To speak generally about footwork in 2014 is reductive at best – about as useful as taking your ‘09 Civic to represent the entire field of automotive design. What began in the late 1990s as an off-shoot of ghetto house has grown into a subgenre with tremendous depth. Footwork can be jagged and smooth, gentle and pummelling, absurd, disorienting, and steeped in pathos – sometimes all in the same track. It’s fast, it’s frenetic, but at the end of the day, it’s still house music, the latest iteration of a proud Chicago tradition, and no one repped it harder than the late DJ Rashad. Over the past half-decade, the genre’s found receptive ears worldwide, thanks in large part to the work of DJs Rashad and Spinn and the Teklife family. They toured relentlessly, collaborated widely, and put out a steady stream of ever-more adventurous tunes.
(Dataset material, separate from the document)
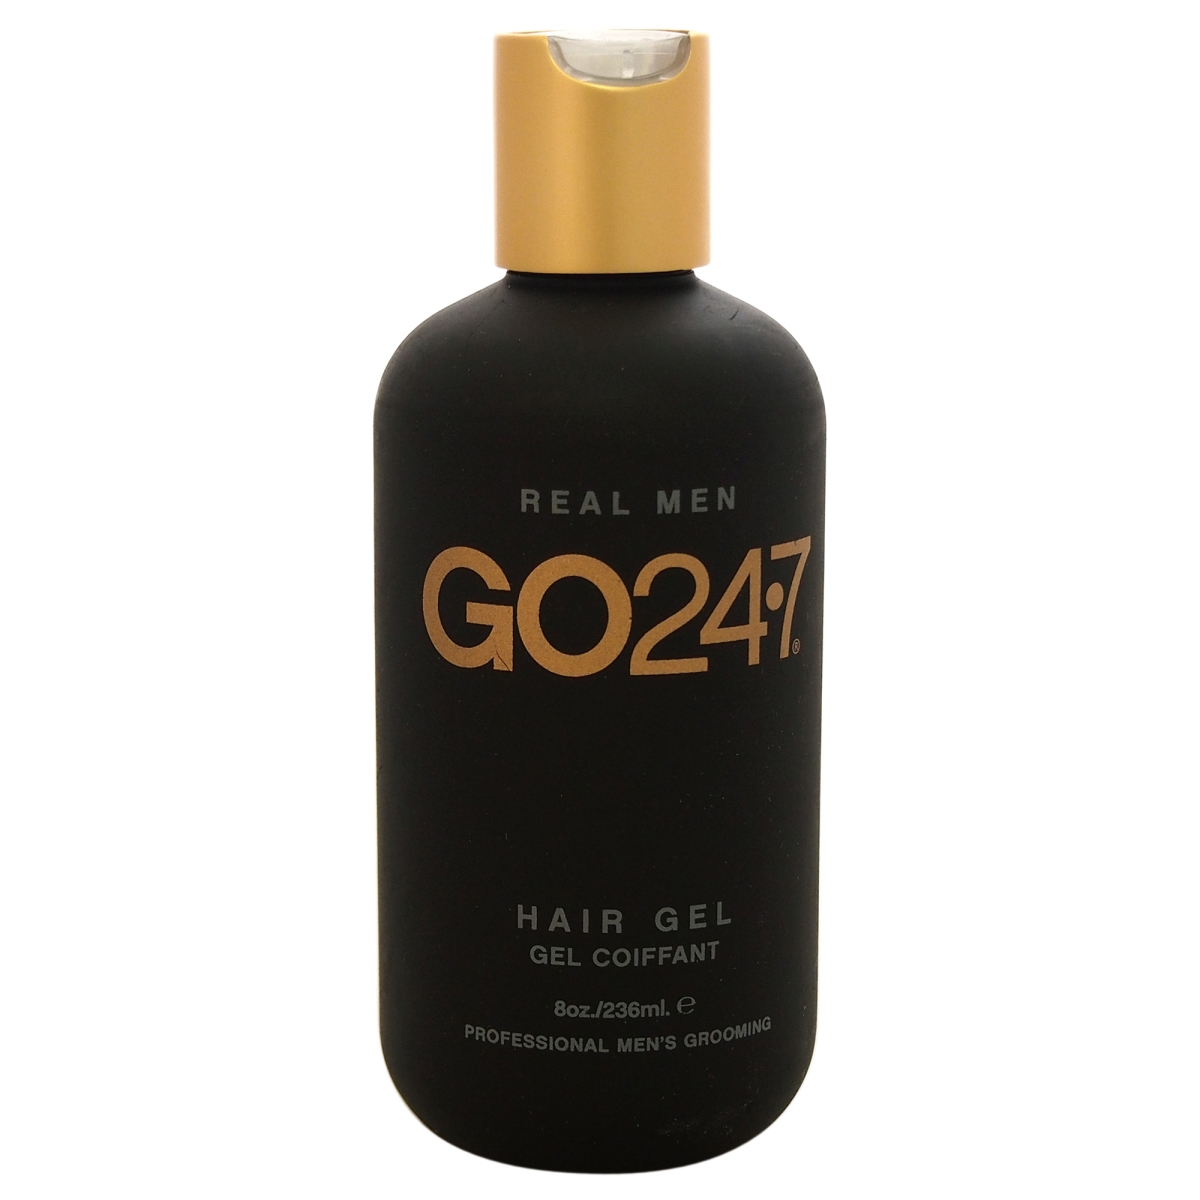 M-hc-1268 8 Oz Real Men Hair Gel For Men

When Rashad passed suddenly last April, it was in the midst of a wildly productive period, on the heels of Double Cup, an LP many feel is footwork’s high watermark. Double Cup is a bonafide masterpiece, and the further we get from its release, the clearer that’s become. For Rashad, it sounded like a culmination, a checkpoint, like he’d paused to take stock of two decades of work before clearing his caches, tying it all together. It’s Chicago to its core but far from insular, pushing the sound forward by folding in global influences. Which brings us to Next Life.

If the purpose of a compilation is to provide an overview of a sound, Next Life is as big a success as you could hope for. Released by frequent Teklife collaborator Hyperdub, it’s a tribute to Rashad’s memory, with all proceeds going to his son. With contributions from the genre’s founders, the next wave of Chicago producers, and affiliates abroad, it captures footwork’s breadth, offering past, present, and hinting at the future.
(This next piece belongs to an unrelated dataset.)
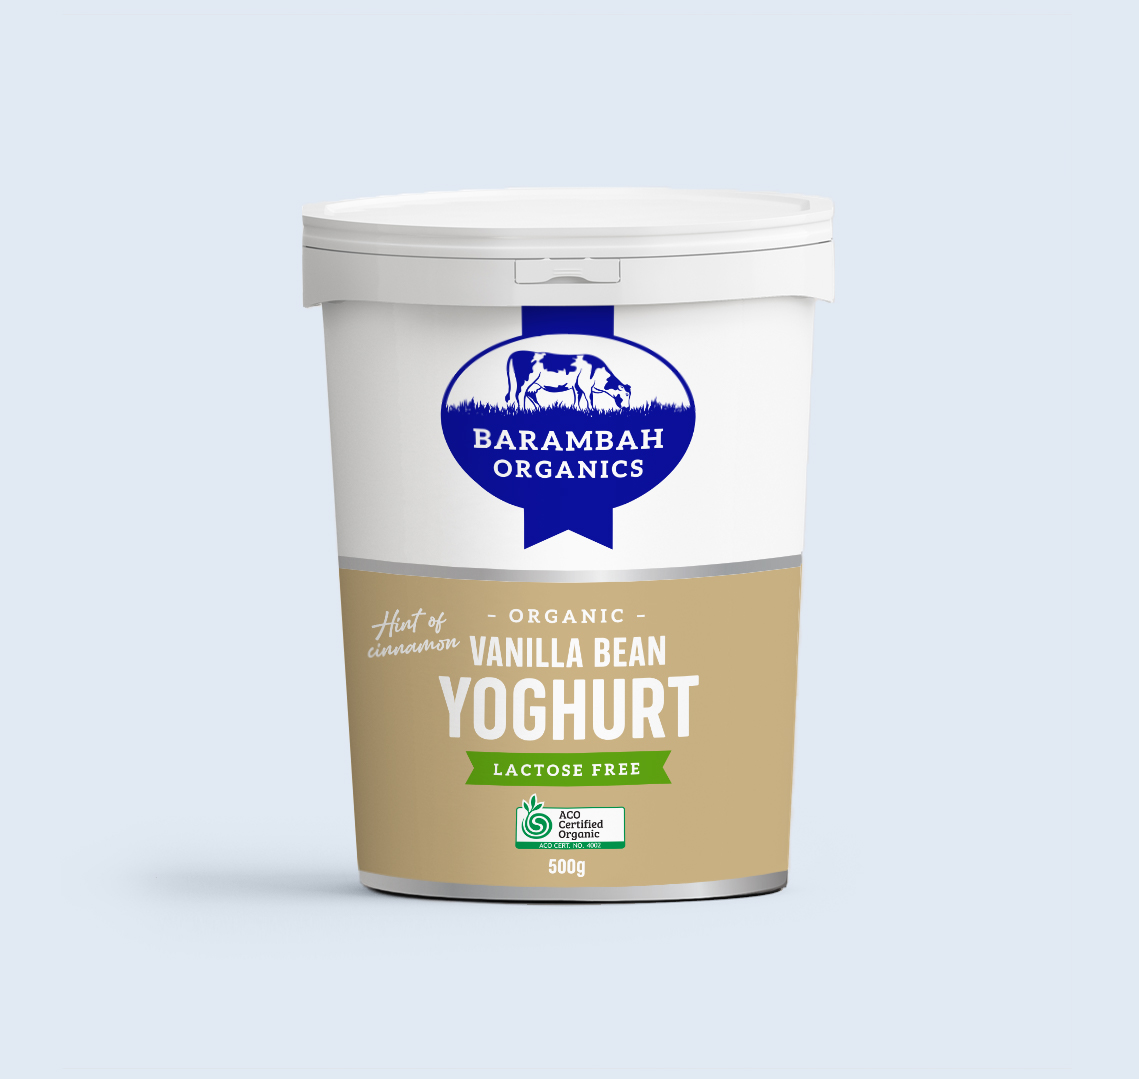 500g of Vanilla Bean Yoghurt - Organic Natural Yoghurt - Barambah Organics

Vets like Traxman, and RP Boo stay in their respective lanes – Traxman’s contribution is smooth and spacey, while RP Boo’s is typically fractured and recursive. Unsurprisingly, Rashad’s closest collaborators’ tracks bear his influence most obviously. Earl and Taye’s “Do This Again” sounds like it emerged from the Double Cup sessions, all chopped soul and breakbeats, while Taye and Manny’s “The Matrixx” and Manny’s “Harvey Ratchet” share Rashad’s fondness for pairing tough drums with soft pads. Spinn and Taso’s “Burn That Kush” is a curveball and a standout, slamming a Polish jazz-pop vocal up against thudding, choppy chants and sub-bass.

Comparing offerings from the younger artists here to Rashad’s work, I suspect he’ll be remembered for helping footwork embrace stability. Early footwork was so glitchy and rugged you wondered if your mp3s weren’t corrupted, but Rashad, especially on his Hyperdub joints, smoothed it out, blunted its sharpest edges. You can hear that legacy even in the wilder cuts here, like DJ Paypal, Feloneezy, and Jackie Dagger’s “U Should Know” – it’s all over the place, but never feels out of control.

Footwork and the jackin’ house of the 1980s may not have much in common at first glance, but they’re part of the same sprawling, 30 year-long conversation. With Rashad’s passing, that conversation lost a distinct and beloved voice, but it continues unabated, reaching well outside Chicago to embrace its global audience. As the Teklife crew expands, the sound of footwork warps and deepens, forks and branches. It’s Teklife ’til the next life, and further still: we’ve no idea what’s next for footwork – in Chicago, in the UK, worldwide – but we can be sure that whatever form it takes, it will have been touched by Rashad’s work.